──────── COLLECTED MATERIAL

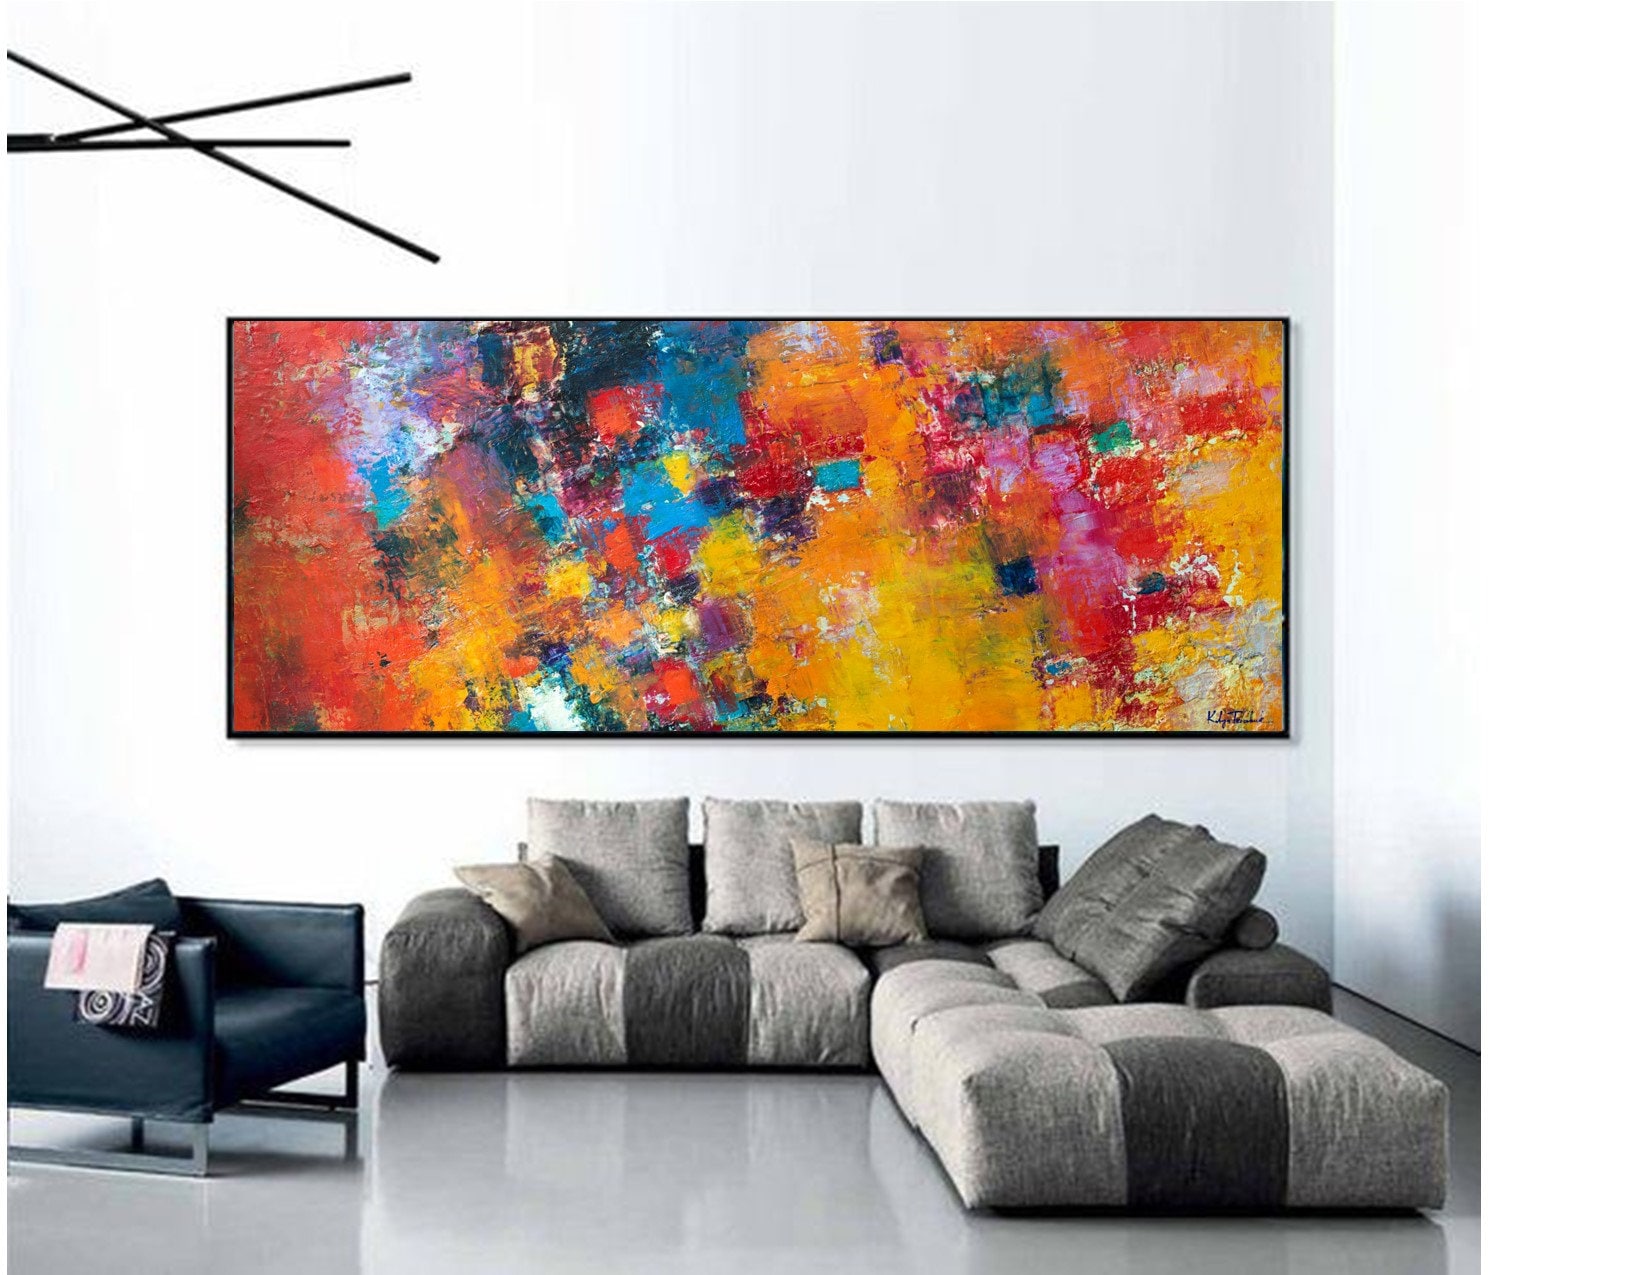 Abstract Figurative Painting,Colorful Wall Art Canvas,Figure Wall Art,Oversized Art Abstract,Huge Wall Art,Orange Painting,Purple Painting
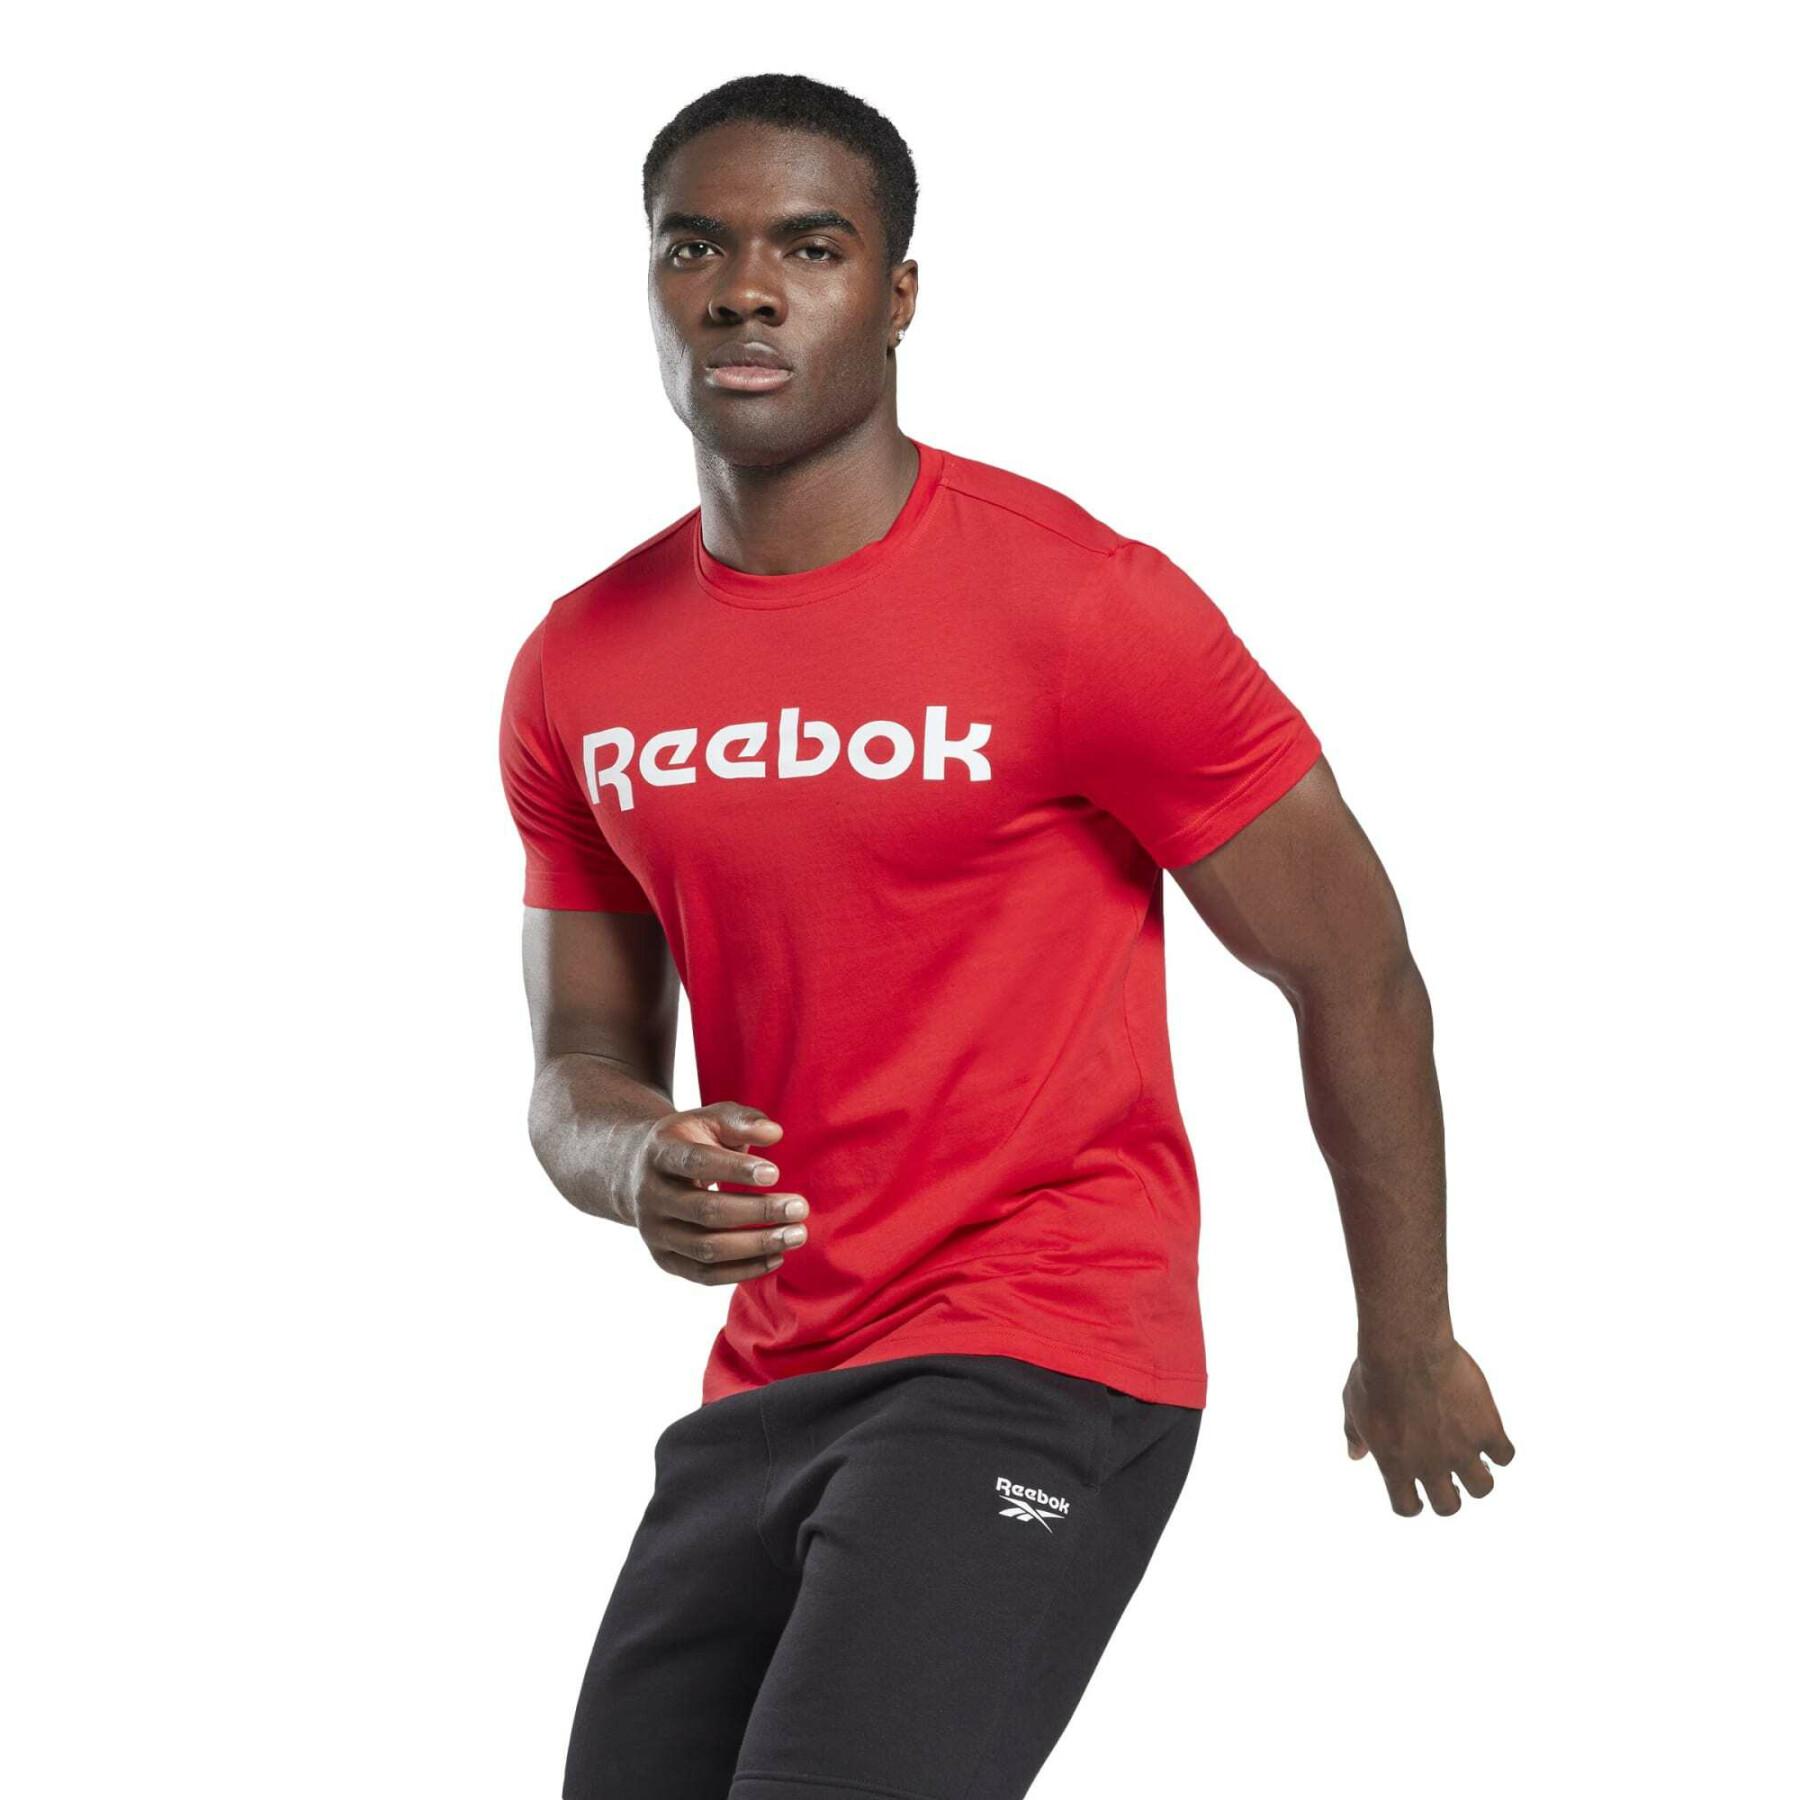 Graphic series T-shirt with linear logo Reebok - T-shirts - Men\'s Clothing  - Fitness
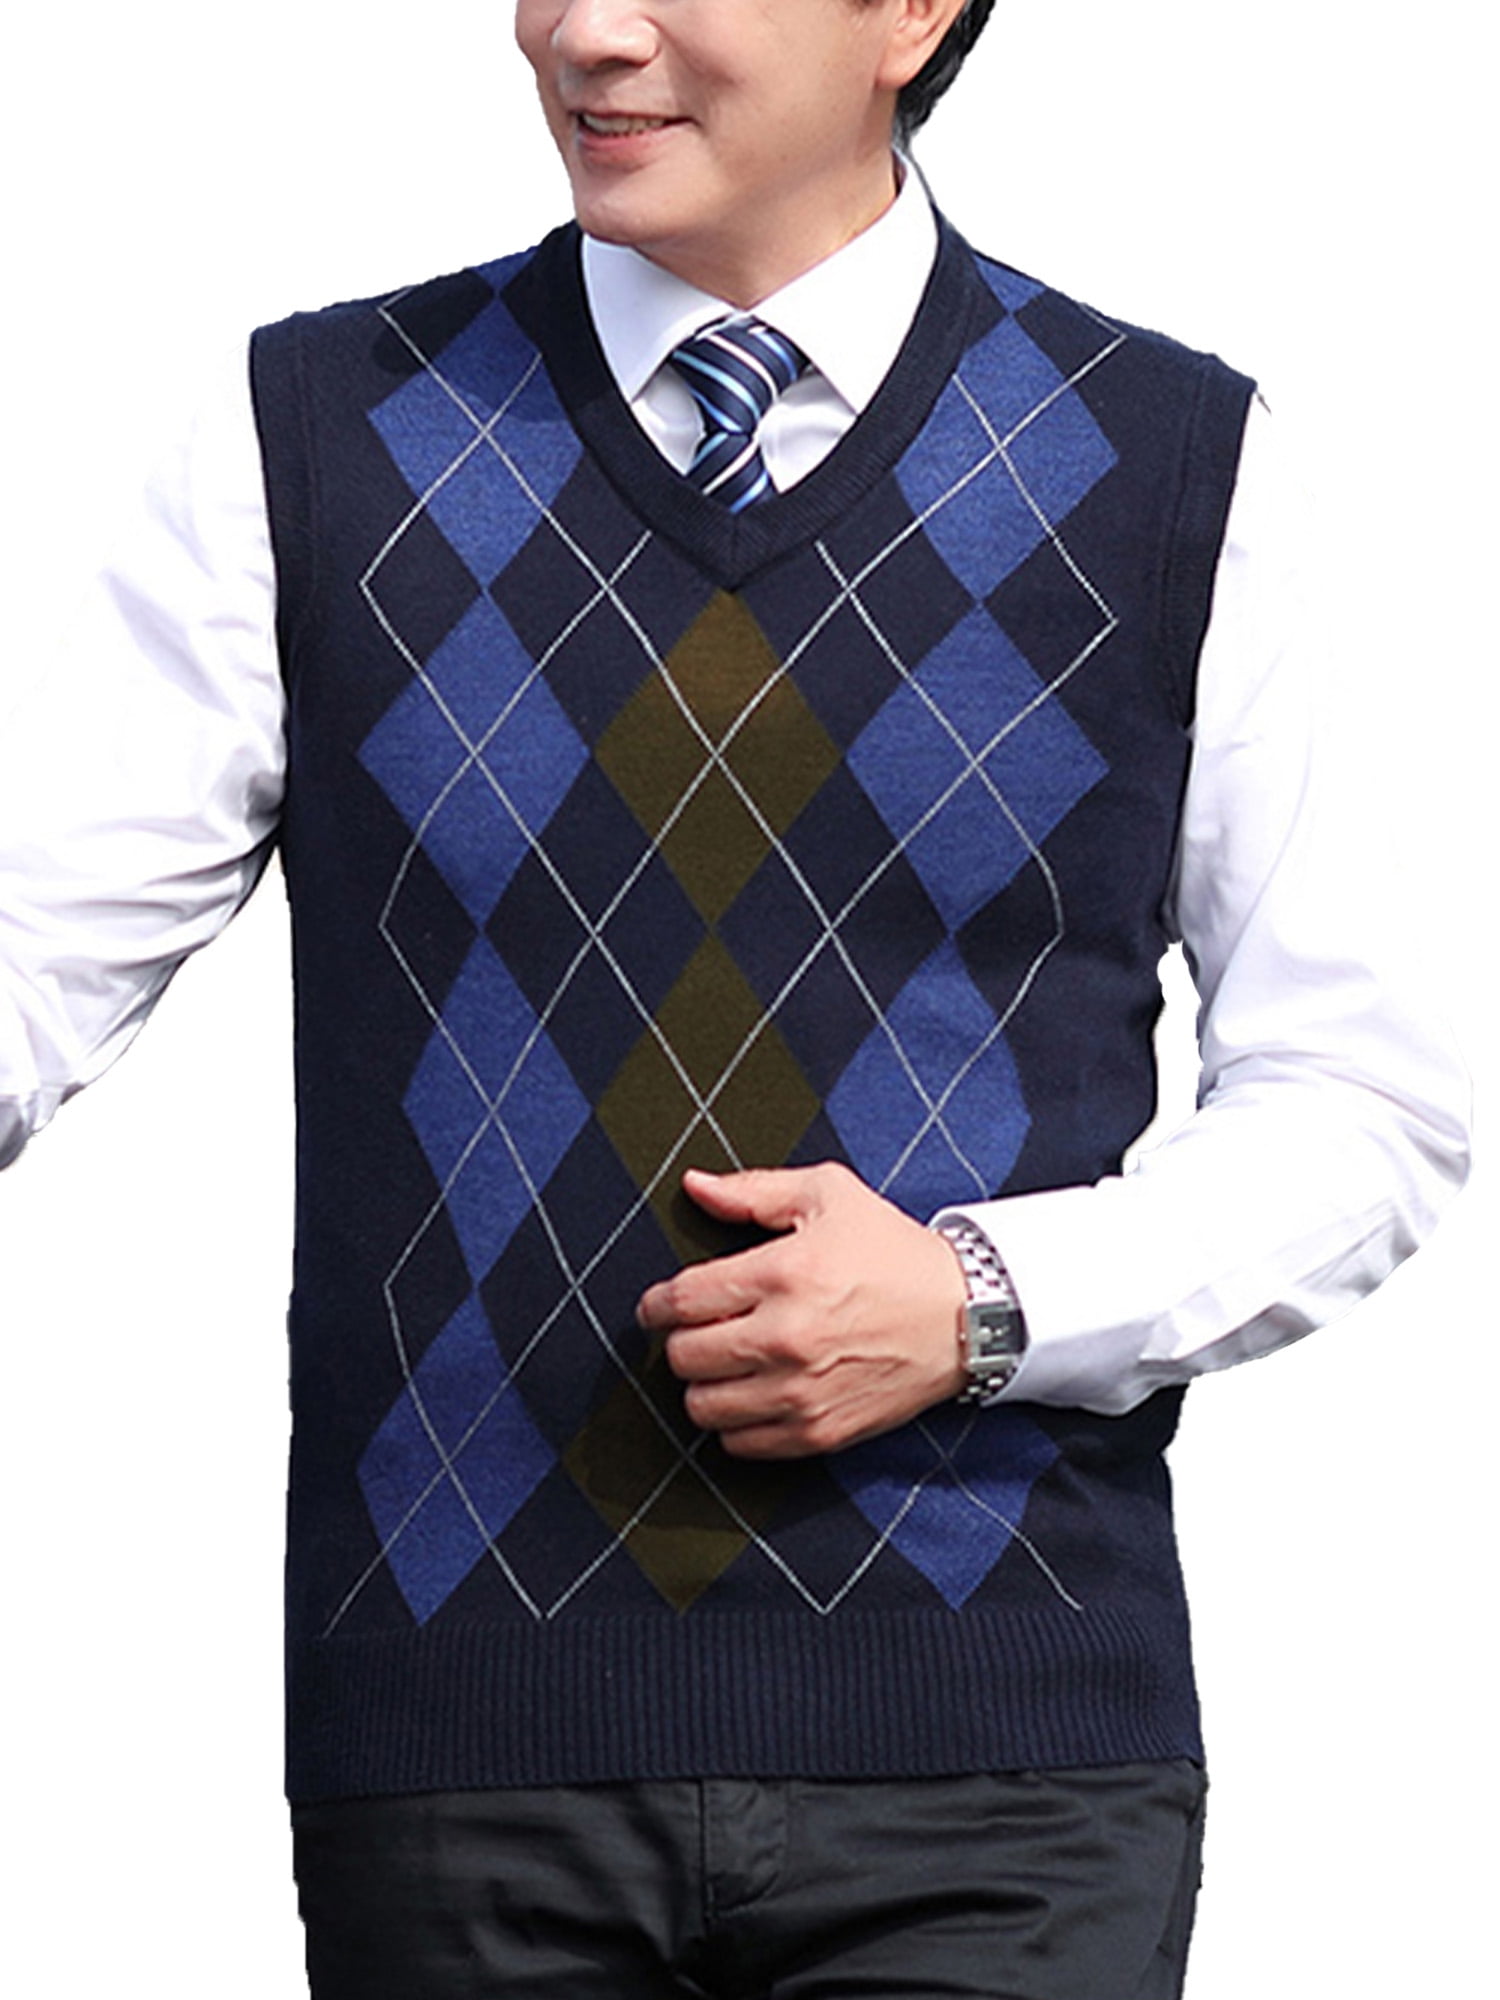 Men's Knitted Sweaters Vests Sleeveless Crewneck Sweatshirts Pullover Casual Slim Fit Argyle Knitwear Tops Comfy Tops

────────────────

# [EXERCISE BRIEF]
With the pictures removed, return the listing above in its exact original wording.

# [WRITTEN REPLY]
 Abstract Figurative Painting,Colorful Wall Art Canvas,Figure Wall Art,Oversized Art Abstract,Huge Wall Art,Orange Painting,Purple Painting
 Graphic series T-shirt with linear logo Reebok - T-shirts - Men\'s Clothing  - Fitness
 Men's Knitted Sweaters Vests Sleeveless Crewneck Sweatshirts Pullover Casual Slim Fit Argyle Knitwear Tops Comfy Tops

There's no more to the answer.